PRESENTE
1
Para mim, este rumor
alado de primavera.
O vinho da claridade
em copos de mais azul.
Tua lúcida presença.
Enquanto, distante, a terra,
com toda a sua umidade,
segura e sem pressa, espera.
*
2
É suave, suave, a pantera,
mas se a quiserem tocar
sem a devida cautela,
logo a verão transformada
na fera que há dentro dela.
O dente de mais marfim
na negrura toda alerta,
e ser de princípio a fim
a pantera sem reservas,
o fervor, a força lúdica
da unha longa e descoberta,
o êxtase de sua fúria
sob o melindre que a fera,
em repouso, se a não tocam,
como que tem na singela
forma que não se alvoroça
por si só, antes parece,
na mansa, mansa e lustrosa
pelúcia com que se adorna,
uma viva, intensa jóia.
*
3
Assim o amor, o que não se dissolve:
como um cacto real, sem aspereza.
Assim o amor real é como um cacto,
o que não se dilui em farta seda,
mas se amacia em seda farta e doce,
e, não sendo água, nem sendo diluível,
é o que se toca e sente, e ver-se pode
não vendo, como aquilo que é sorvido,
e é água sem ser água e sem ser sangue;
e sem ser água dessedenta,
e é quase um fogo essa água toda lenta,
água não água, essa água consistente,
a que se cristaliza numa gema,
numa gema que fosse toda quente.
•
Marly de
Oliveira nasceu em Cachoeiro de Itapemirim, Espírito Santo em 1938. Formou-se em Letras Neolatinas na PUC-RJ. Seu primeiro livro saiu em 1958, Cerco da primavera.
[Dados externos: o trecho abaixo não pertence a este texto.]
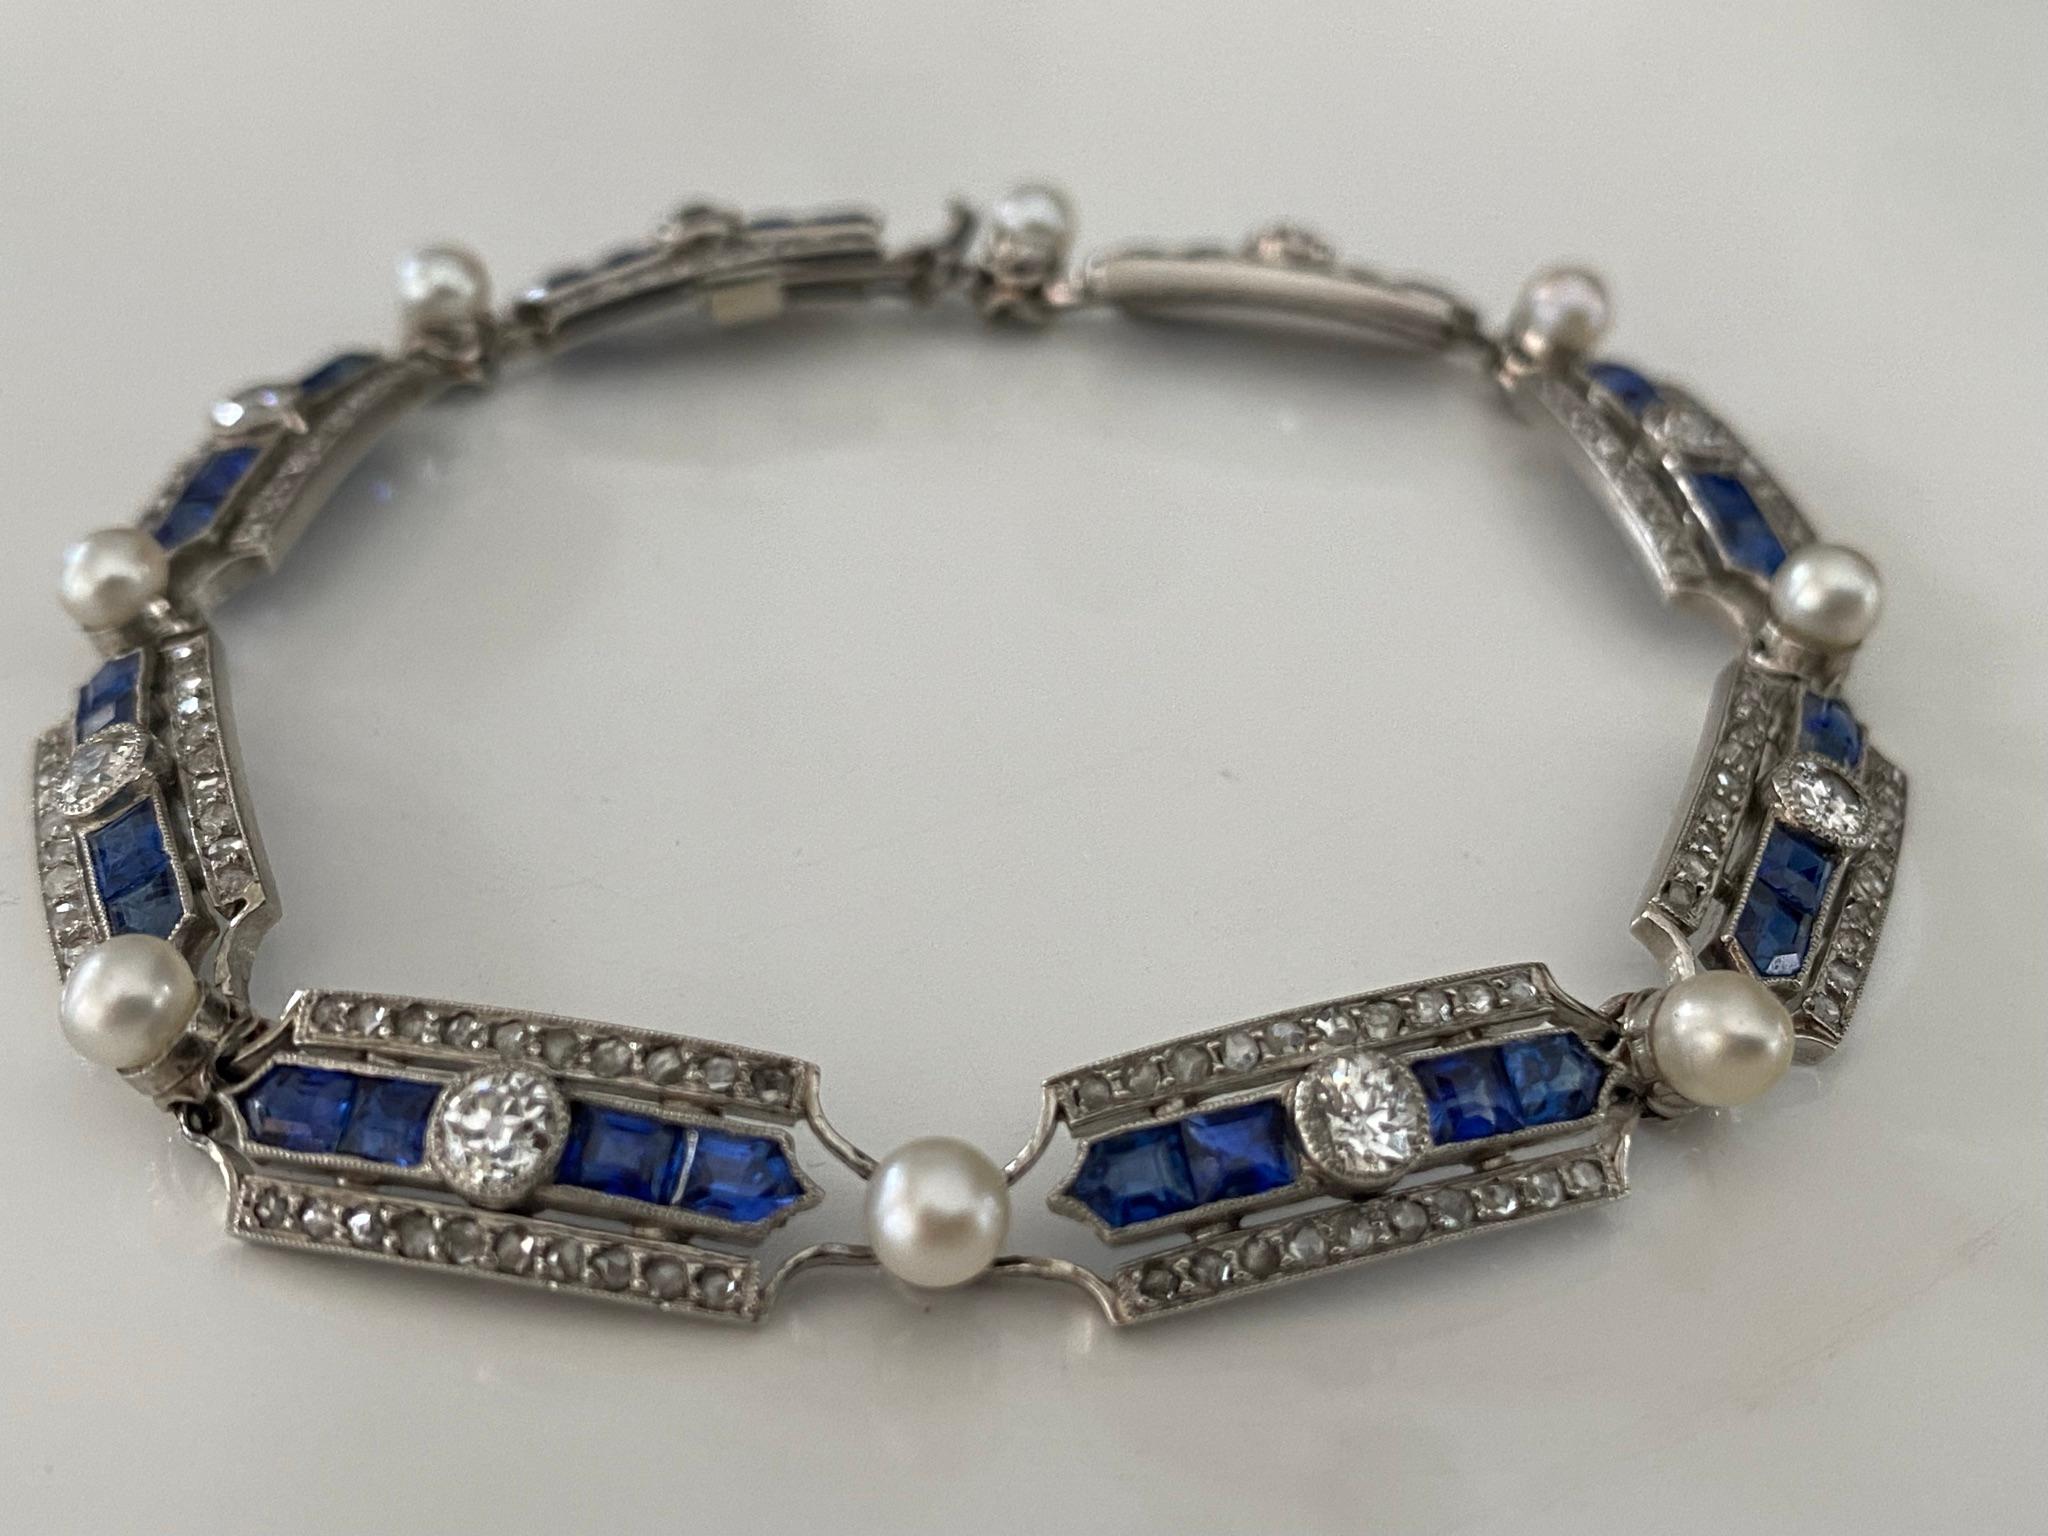 CIRCA 1910-1915, dieses prächtige antike französische Gliederarmband der Belle Epoque besteht aus einem sich wiederholenden geometrischen Muster, in dessen Zentrum ein Diamant im alteuropäischen Schliff steht, flankiert von vier kalibrierten blauen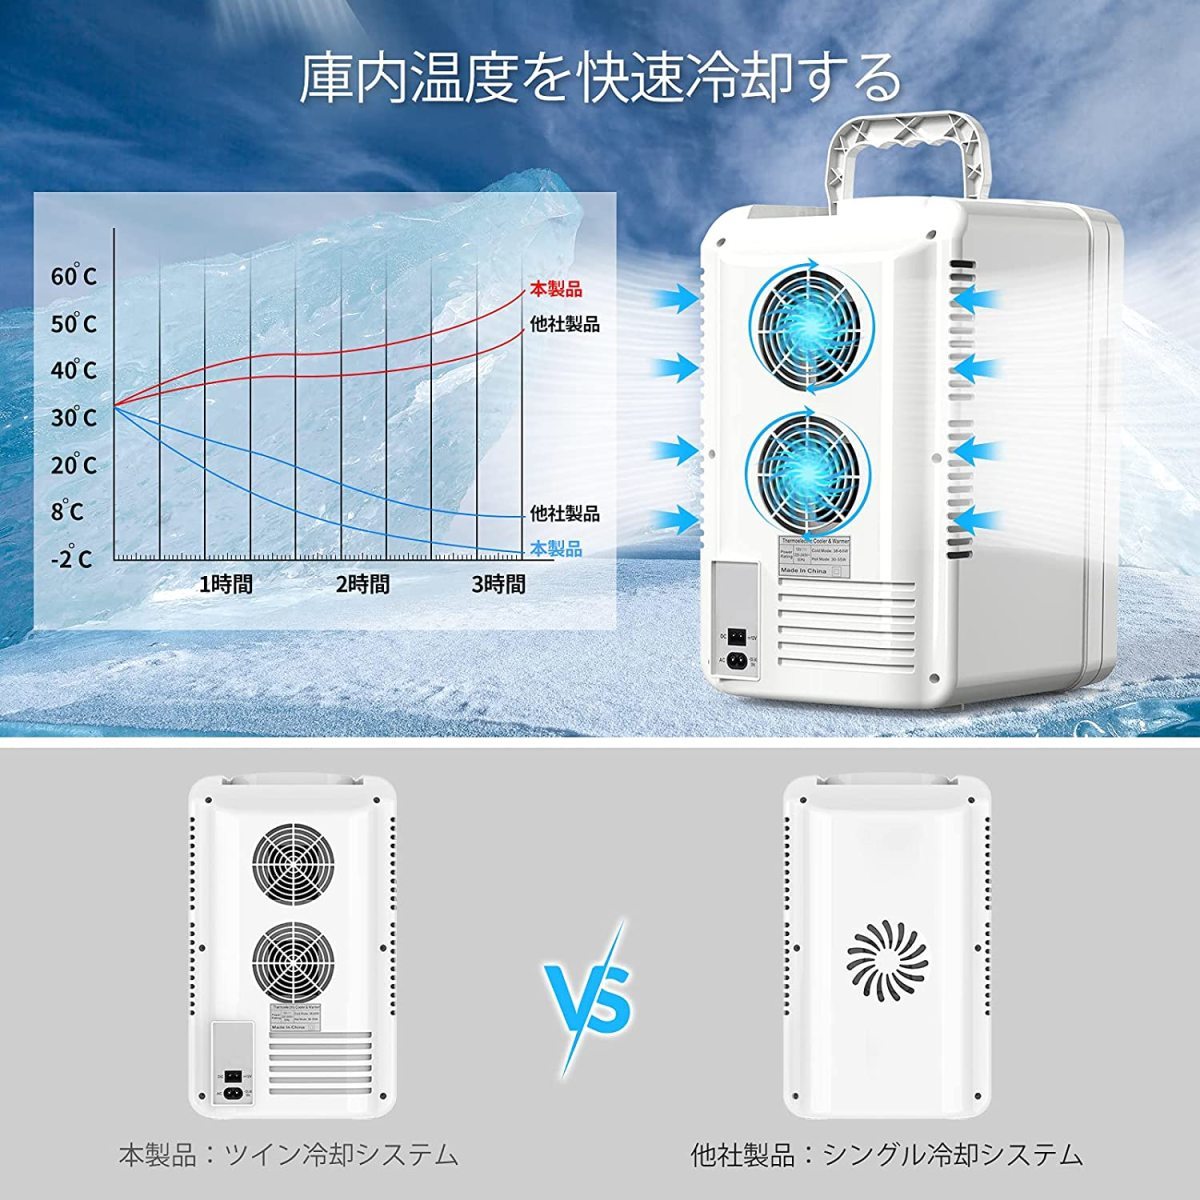 ■新品■ROCKPALS ミニ冷蔵庫 冷温庫 10L (-9~60°C)小型でポータブル AC/DC給電 (車載/家庭用) 低騒音 静音 軽量 省エネ_画像4

Publicou ainda Explicação de Narciso (1960), A suave pantera (1962), O sangue na veia (1967), Contato (1975), A força da paixão (1982) e O mar de permeio (1997), entre outros.
A poesia de Marly de Oliveira filia-se à terceira geração do Modernismo. A poeta morreu no Rio de Janeiro em 2007.
* Os poemas aqui publicados são de Cerco da primavera, A suave pantera e O sangue na veia.